## [WORK ORDER]
A faithful copy of the data is the goal; set it down exactly, without the images.
··· DATA BELOW ···
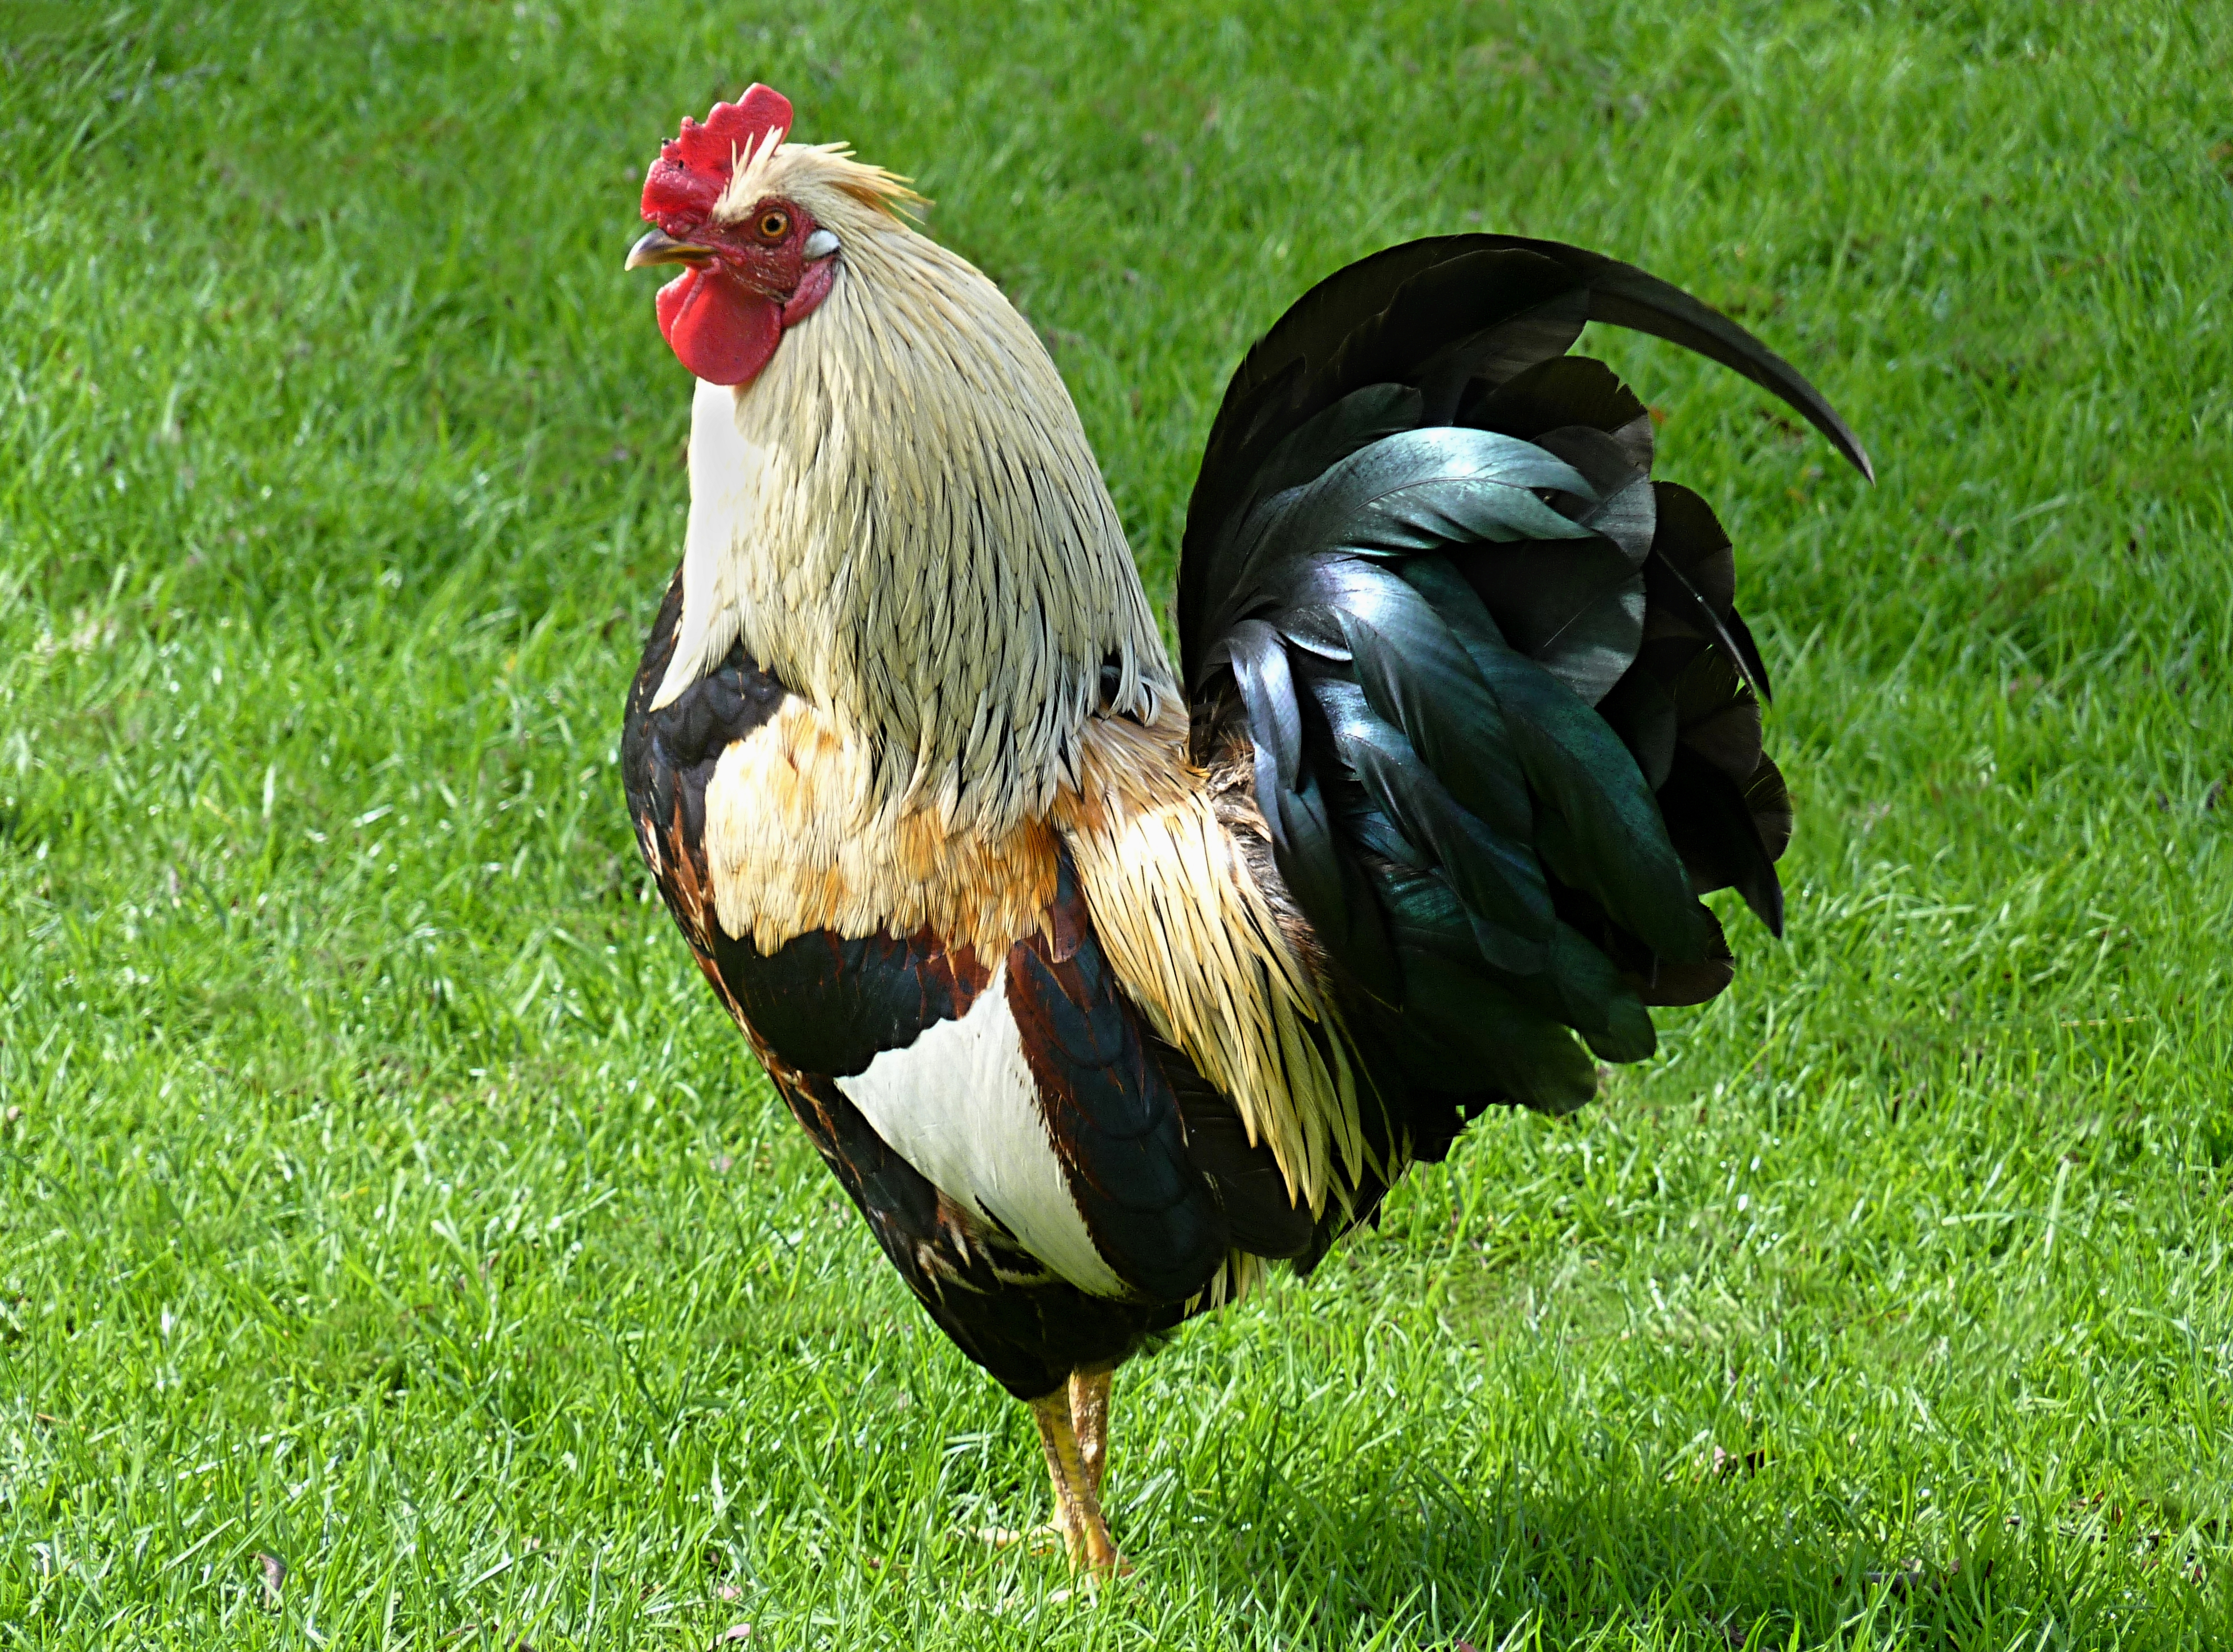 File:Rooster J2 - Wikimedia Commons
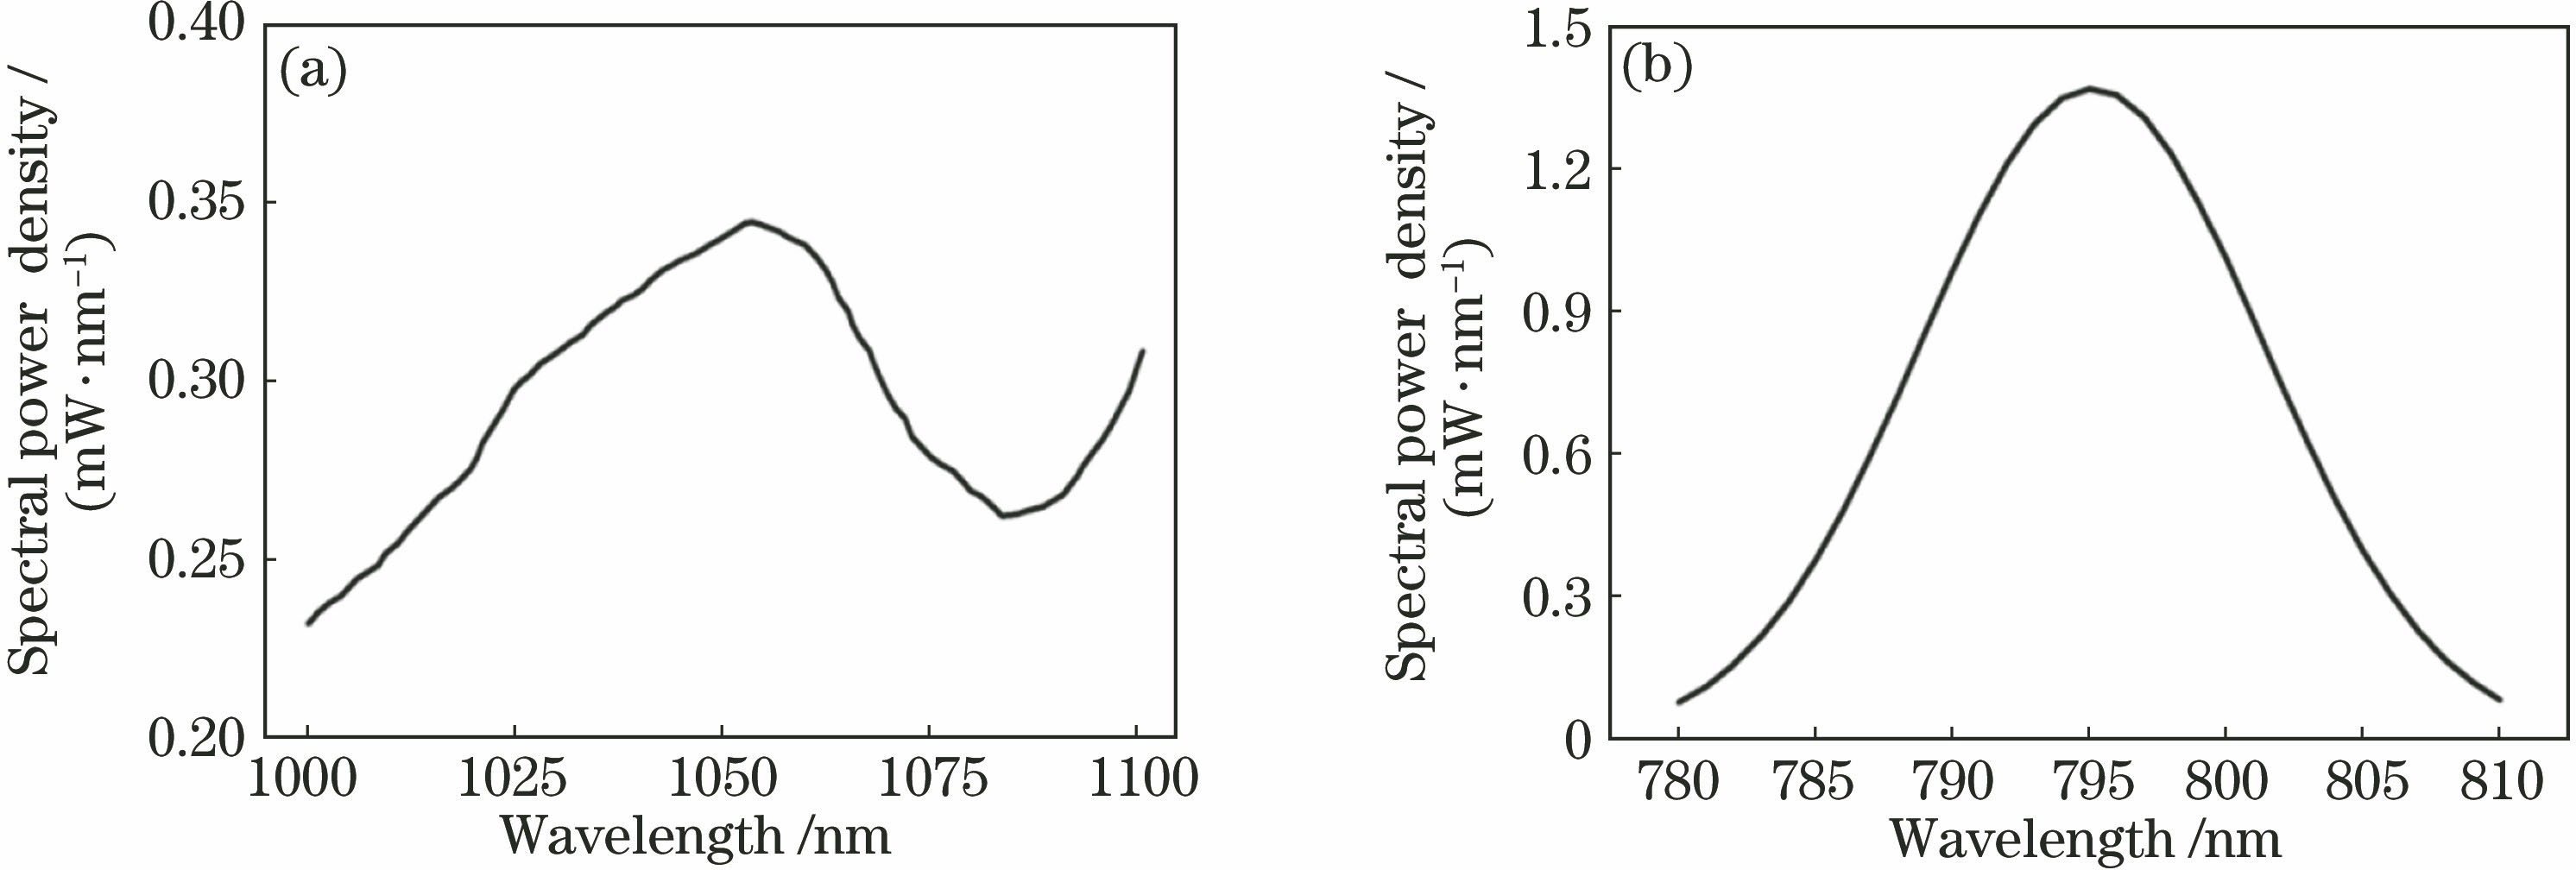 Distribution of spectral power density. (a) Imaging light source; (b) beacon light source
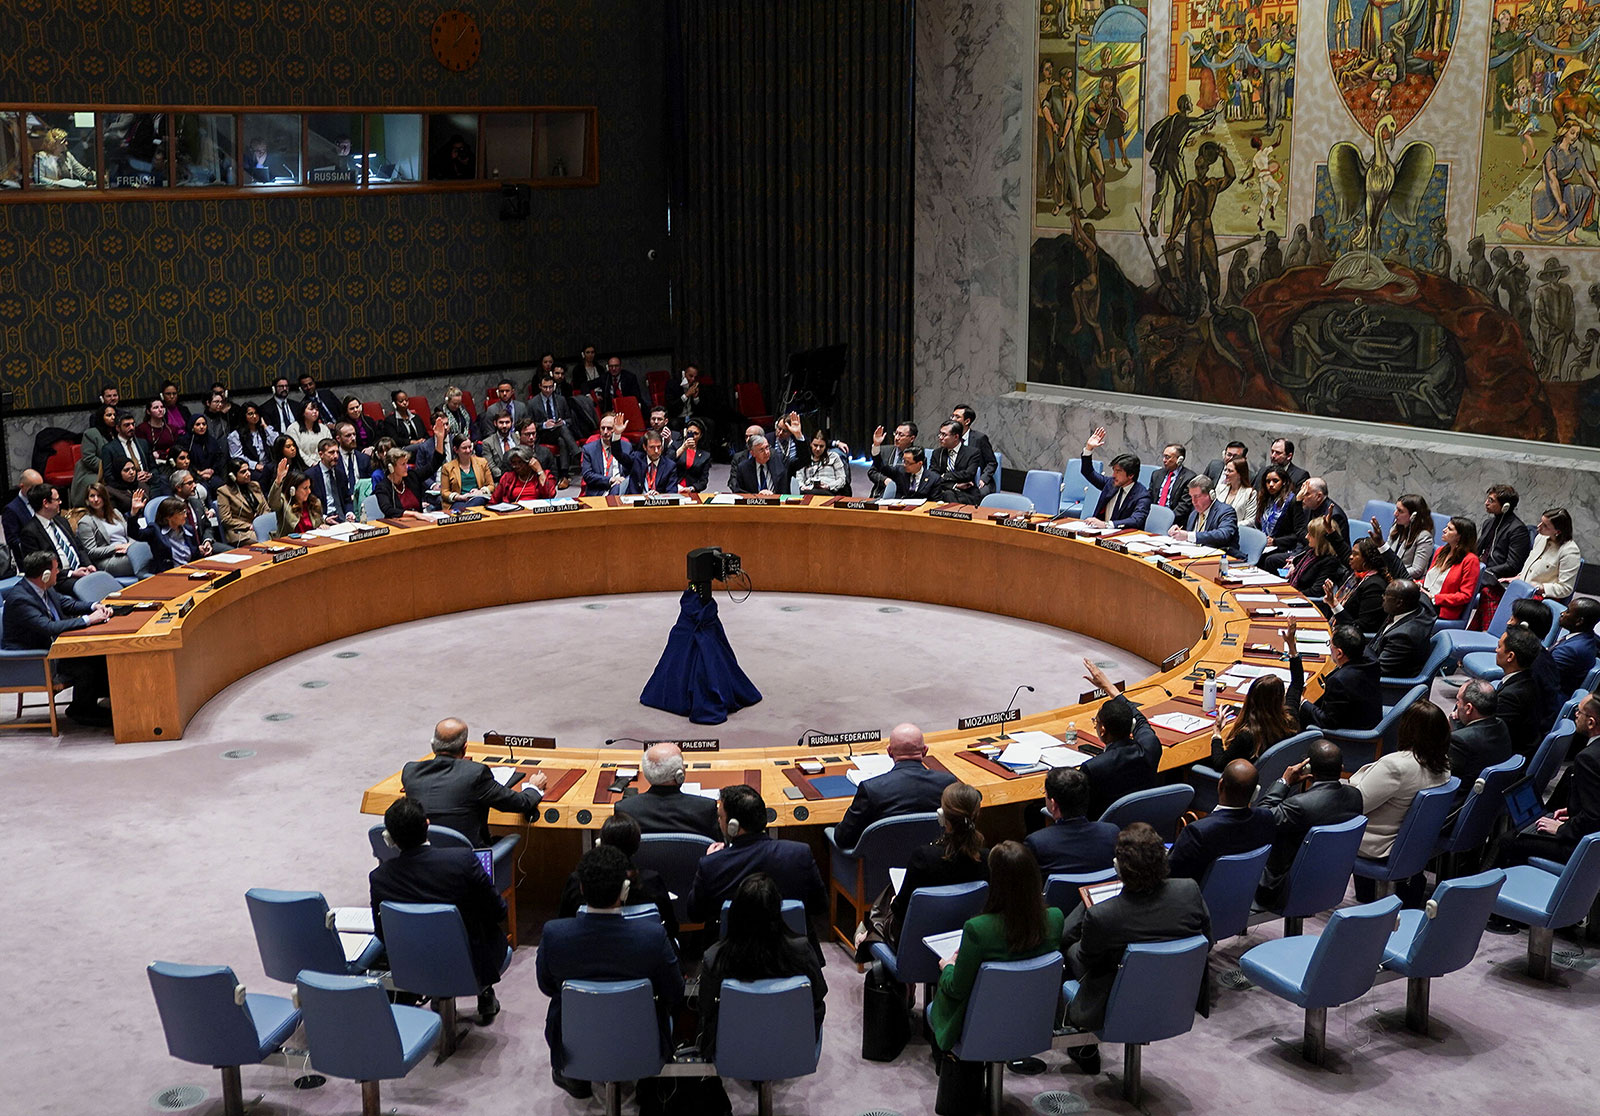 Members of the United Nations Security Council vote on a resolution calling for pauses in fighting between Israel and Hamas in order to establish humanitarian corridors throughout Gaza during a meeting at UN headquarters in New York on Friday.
···
## [ANSWER SECTION]
 File:Rooster J2 - Wikimedia Commons
 Distribution of spectral power density. (a) Imaging light source; (b) beacon light source
 Members of the United Nations Security Council vote on a resolution calling for pauses in fighting between Israel and Hamas in order to establish humanitarian corridors throughout Gaza during a meeting at UN headquarters in New York on Friday.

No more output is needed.